De eisen die worden gesteld aan moderne malmaterialen zijn hoog voor bijna netvormige gietprocessen die de afgelopen jaren zijn ontwikkeld. Hier worden zeer hoge gietsnelheden bereikt en moet een veel groter aandeel van het vloeibare staal stollen om een ​​voldoende stabiele strengmantel te vormen. De resulterende extreme temperaturen vereisen dat mallen een hogere sterkte hebben. Tegelijkertijd kan er een hoge thermische wisselspanning optreden, bijvoorbeeld op gietwalsen. Aan deze grote verscheidenheid aan eisen die aan de matrijs worden gesteld, moet worden voldaan door hoogontwikkelde materialen en systeemexpertise.

De doorstroomde watergekoelde koperen mal is het belangrijkste element van de continugietmachine. Speciale aandacht moet worden besteed aan problemen die verband houden met het ontwerp en de materiaalvereisten voor de matrijzen. Er zijn een aantal verschillende ontwerpen gebruikt, waaronder dunwandige buisvormige mallen, massieve mallen en mallen gemaakt van plaat. Van plaatmallen is gevonden dat ze een goede levensduur van de mal bieden en de noodzaak vermijden om mallen te maken van massieve koperen blokken.

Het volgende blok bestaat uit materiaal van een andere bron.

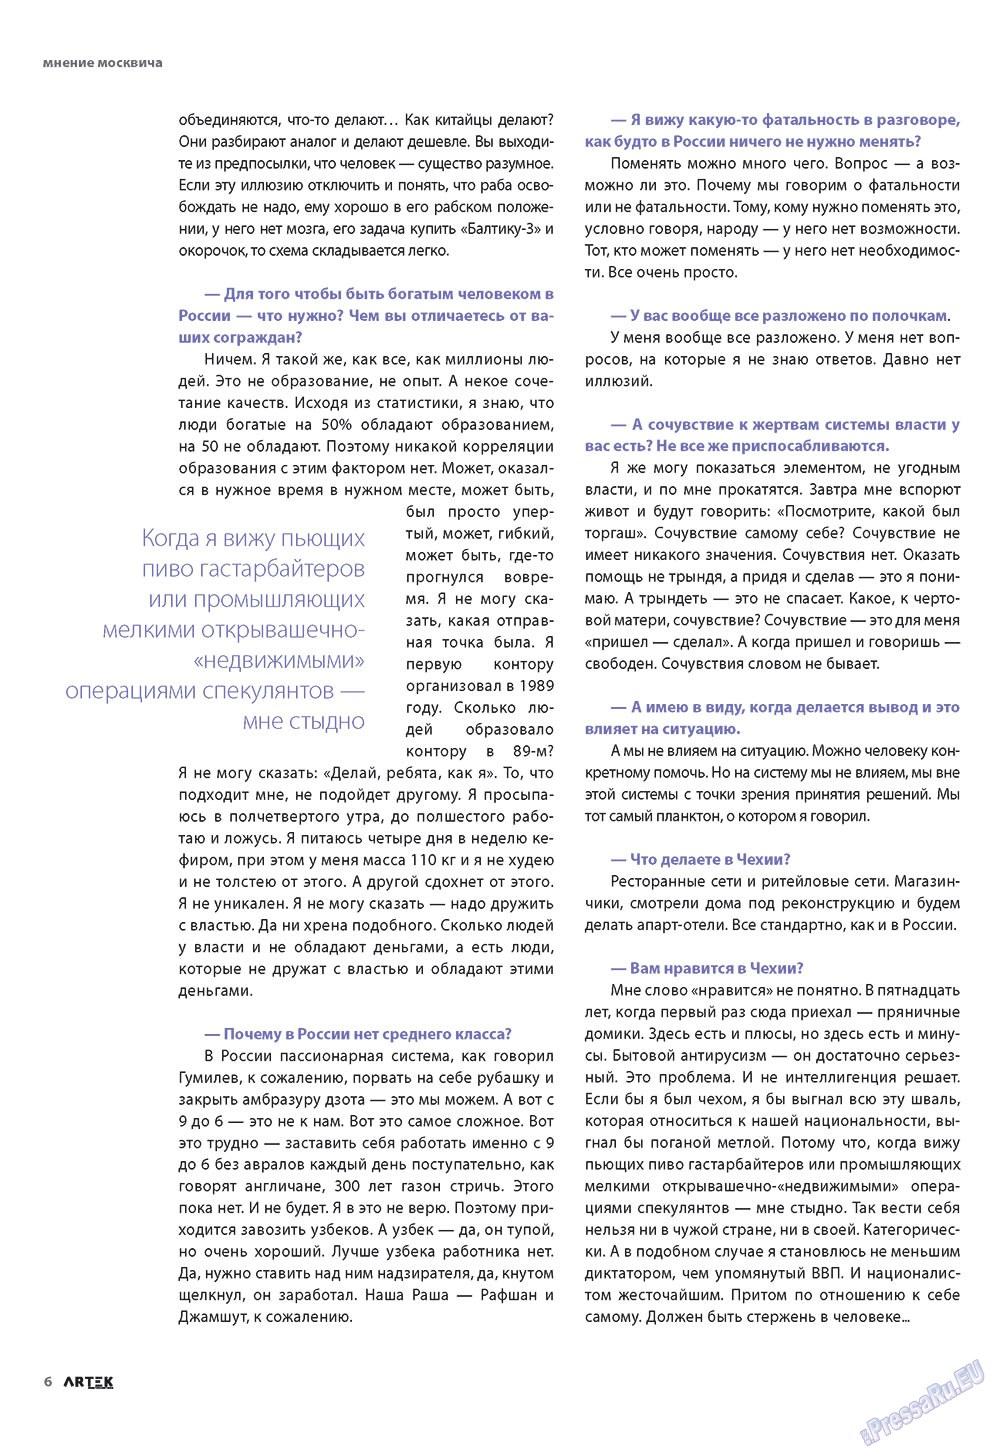 Артек (журнал). 2009 год, номер 4, стр. 6

Om optimale prestaties te garanderen, moeten matrijzen hun oorspronkelijke specificaties zo lang mogelijk behouden bij gemiddelde bedrijfstemperaturen en moeten ze vooral voldoende warmteoverdrachtscapaciteit hebben. Thermische spanningen, die vooral optreden op de hete vlakken in het gebied van de meniscus, leiden tot een min of meer snelle en blijvende vervorming van de mal, waardoor de levensduur wordt verkort. De ernst van dit fenomeen hangt samen met het temperatuurniveau in de mal, en met temperatuurverschillen tussen de warme en koude gezichten, en tussen het gebied van de meniscus en het gebied er direct onder. De juiste oplossing voor elk van de verschillende bedrijfsomstandigheden hangt af van de juiste keuze van het materiaal voor de mal.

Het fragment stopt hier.